New Hampshire, USA — All eyes are zeroed in on East Africa geothermal development these days as various governments unveil capacity goals and project plans. The most recent announcement comes from Rwanda – it is set to start drilling three exploratory wells near the Karisimbi volcano. The $27 million venture is scheduled to commence April 15th and last six weeks, according to local reports. If the testing is successful, the project is expected to have a capacity of up to 10 MW.
Uwera Rutagarama, head of geothermal development at Rwanda’s Energy, Water and Sanitation Authority (EWSA), told The New Times that the government awarded several contracts to both local and international companies. “The contracts were awarded to the Great Wall Drilling Company, a Chinese firm, the supply of drilling materials will be handled by China Petroleum Development and Technology Corporation (CPTDC), rehabilitation of the road to the drilling site will be undertaken by ERGECO, a local firm, and the water supply to the site and civil works will be done by Yashinoya Ltd, a Kenyan company.”

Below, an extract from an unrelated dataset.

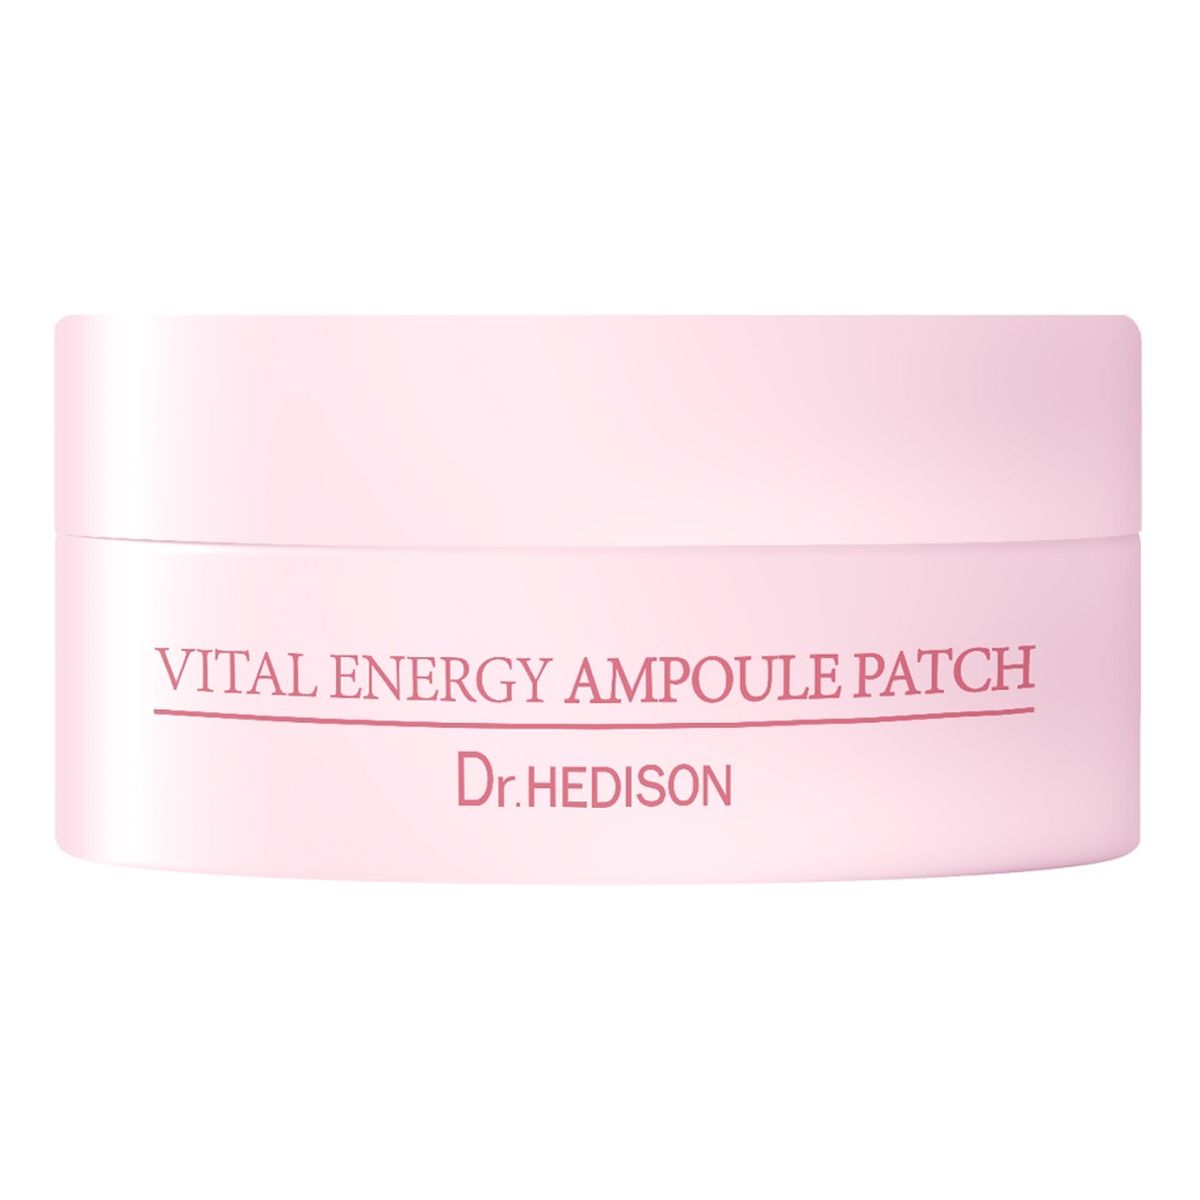 Dr.HEDISON Vital energy ampoule patch odmładzające i przywracające elastyczność płatki pod oczy 60szt.

This is good news for global geothermal companies that are vying to break into the Africa market as other countries, such as the U.S., are currently flat. Many U.S. players are beginning to open offices in emerging markets, and industry experts encourage this expansion. Halley Dickey of TAS Energy recently expressed the need to expand at the Power-Gen International Conference, stating that companies who resist the move will miss huge opportunities.
“We need to be outwardly focused. We have tremendous technology and expertise here [in the US] and we should be exporting that technology and expertise globally,” said Dickey. “If you talk to companies active in geothermal, they are spending a lot more energy on global markets like Africa, in the Rift Valley, Indonesia, Philippines.”
And there is plenty of opportunity. Rwanda’s geothermal potential is thought to be more than 700 MW, according to the Kenya Electricity Generating Company (KenGen), and Rutagarama says its plan is to generate 300 MW of geothermal capacity by 2017. That potential is separated into four regions – Karisimbi, Gisenyi, Bugarama, and Gisenyi, and Rutagarama says that the Kinigi region is to be explored next year.
Those are lofty goals, especially since exploratory drilling is one of the most expensive phases of geothermal development. So to help countries like Rwanda reach these goals and cut costs, the World Bank has established several initiatives to move the process along. It had previously partnered with Iceland on the “Geothermal Compact” to spur development in Africa’s Rift Valley, which includes Rwanda, and it recently announced its Global Geothermal Development Plan to mobilize $500 million for geothermal expansion in the developing world. The World Bank says it will gather donors and convene later in 2013 to determine the financing of specific projects.
“Until now, our work has been at the country and regional levels. These efforts are important, and should continue. But a global push is what is needed now. Only a global effort will put geothermal energy in its rightful place — as a primary energy source for many developing countries,” said World Bank Managing Director Sri Mulyani Indrawati in a release. “Only a global effort will pool resources to spread the risk effectively. It will let us learn from each other, from our failures and successes, and apply that learning.”